== Problem details ==
Copy each line below exactly as it appears. Pictures are to be omitted.

== Recorded data ==
#####
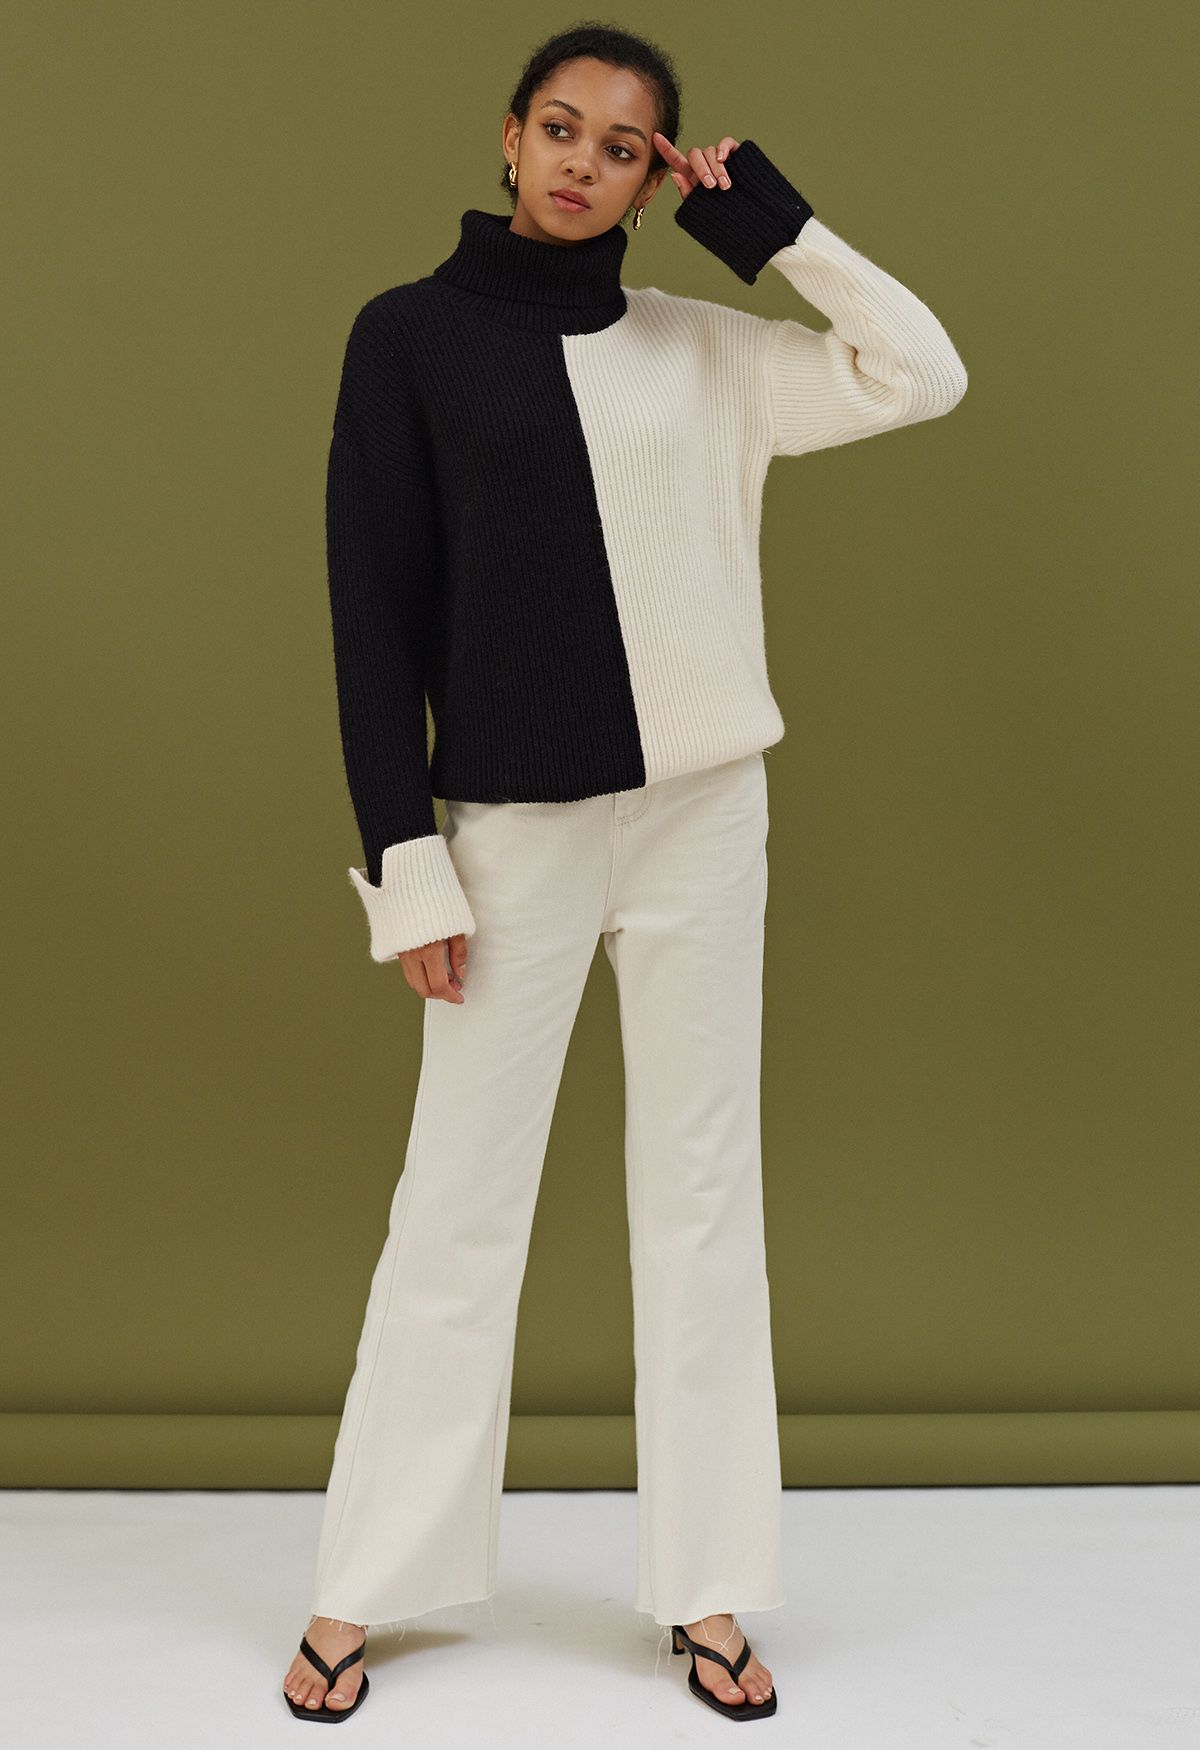 Maglione a collo alto in maglia grossa bicolore con risvolto sul retro
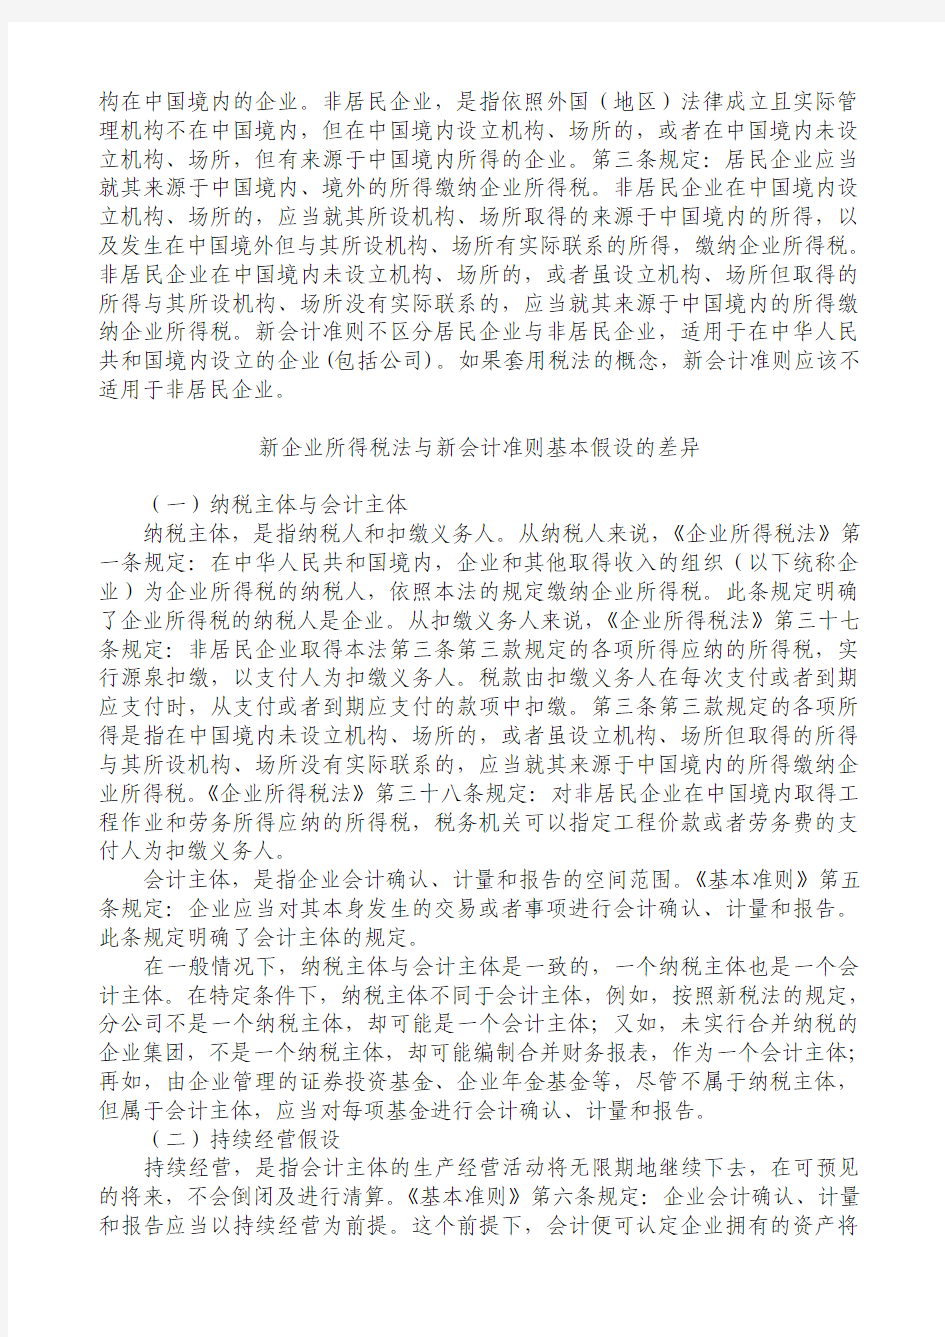 中国税务报新会计准则与税法的差异专题连载.doc
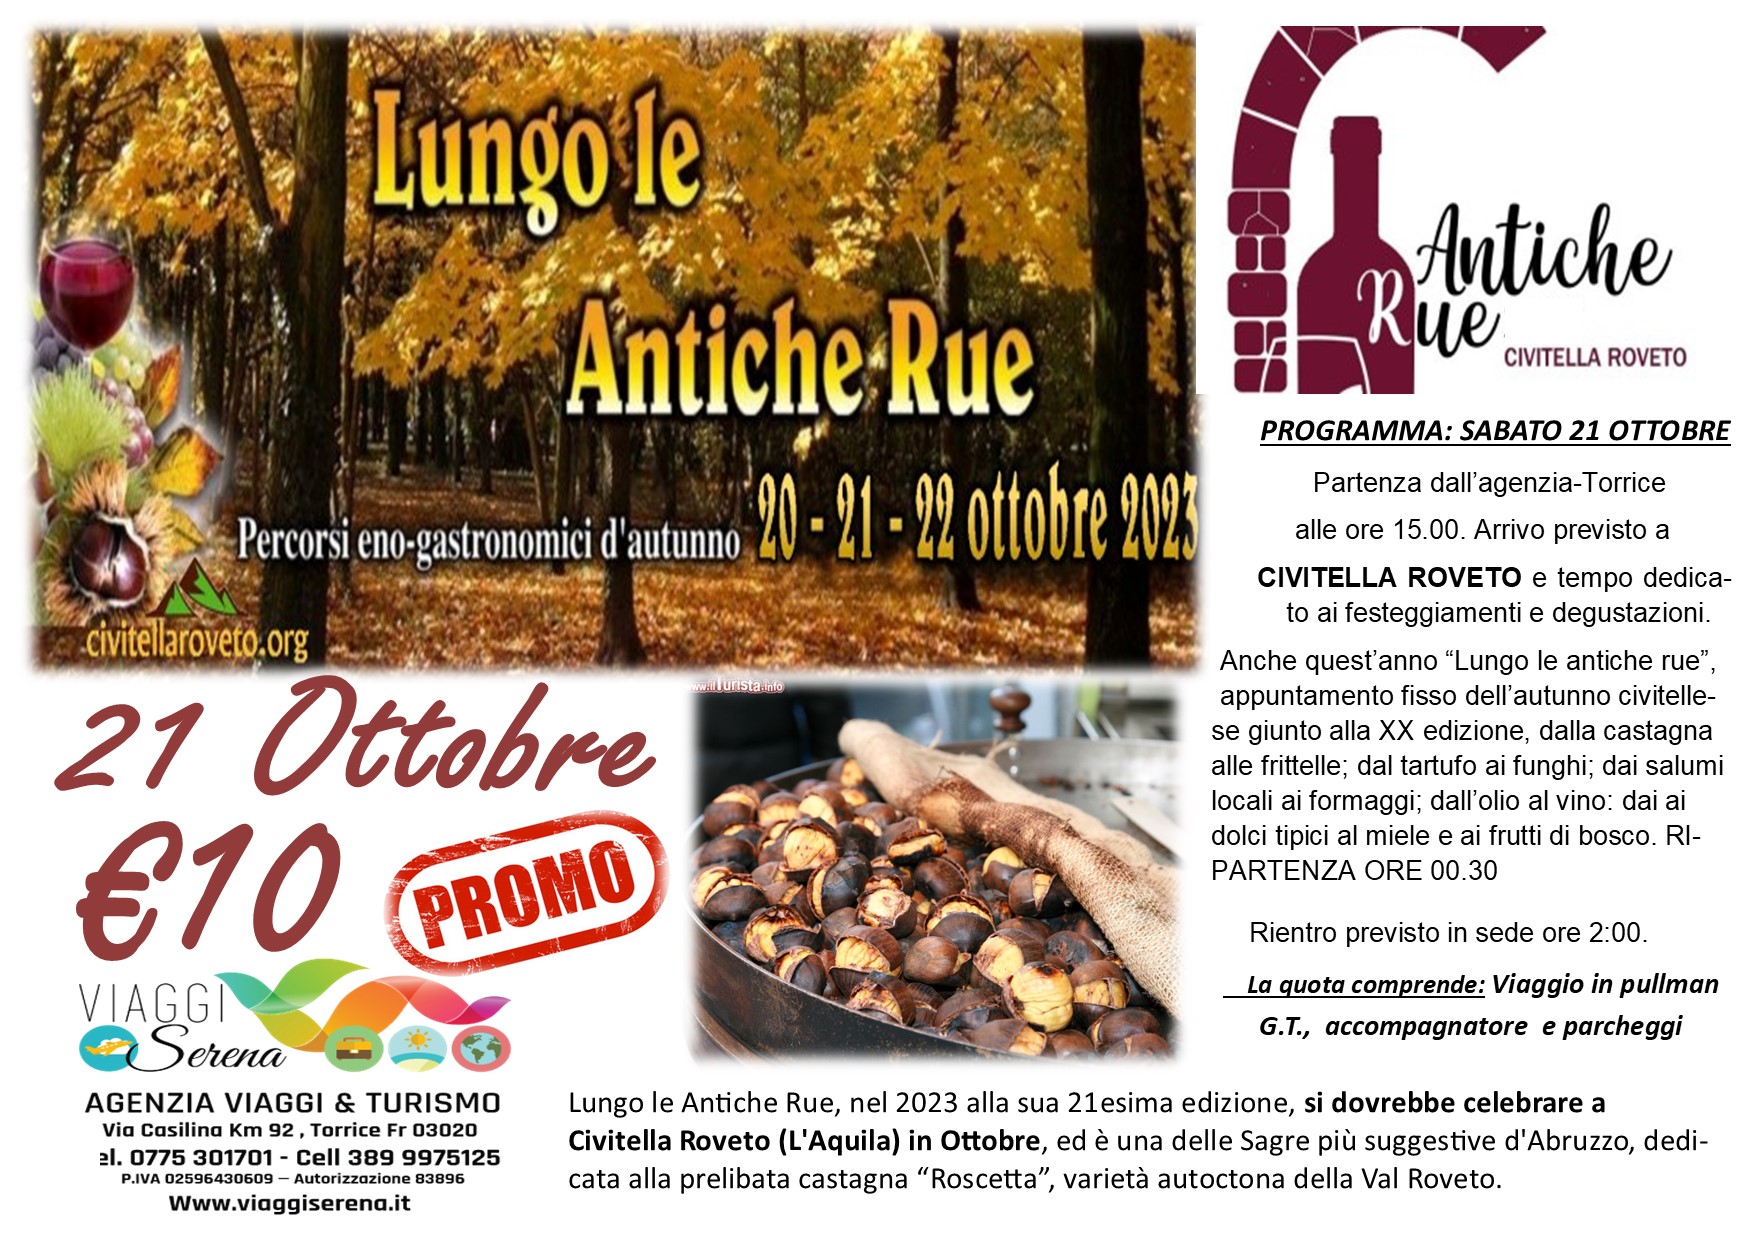 Viaggi di gruppo: PROMO Civitella Roveto “Le Antiche Rue” 21 Ottobre € 10,00
#####
== Result for this exercise ==
 Maglione a collo alto in maglia grossa bicolore con risvolto sul retro
 中国税务报新会计准则与税法的差异专题连载.doc
 Viaggi di gruppo: PROMO Civitella Roveto “Le Antiche Rue” 21 Ottobre € 10,00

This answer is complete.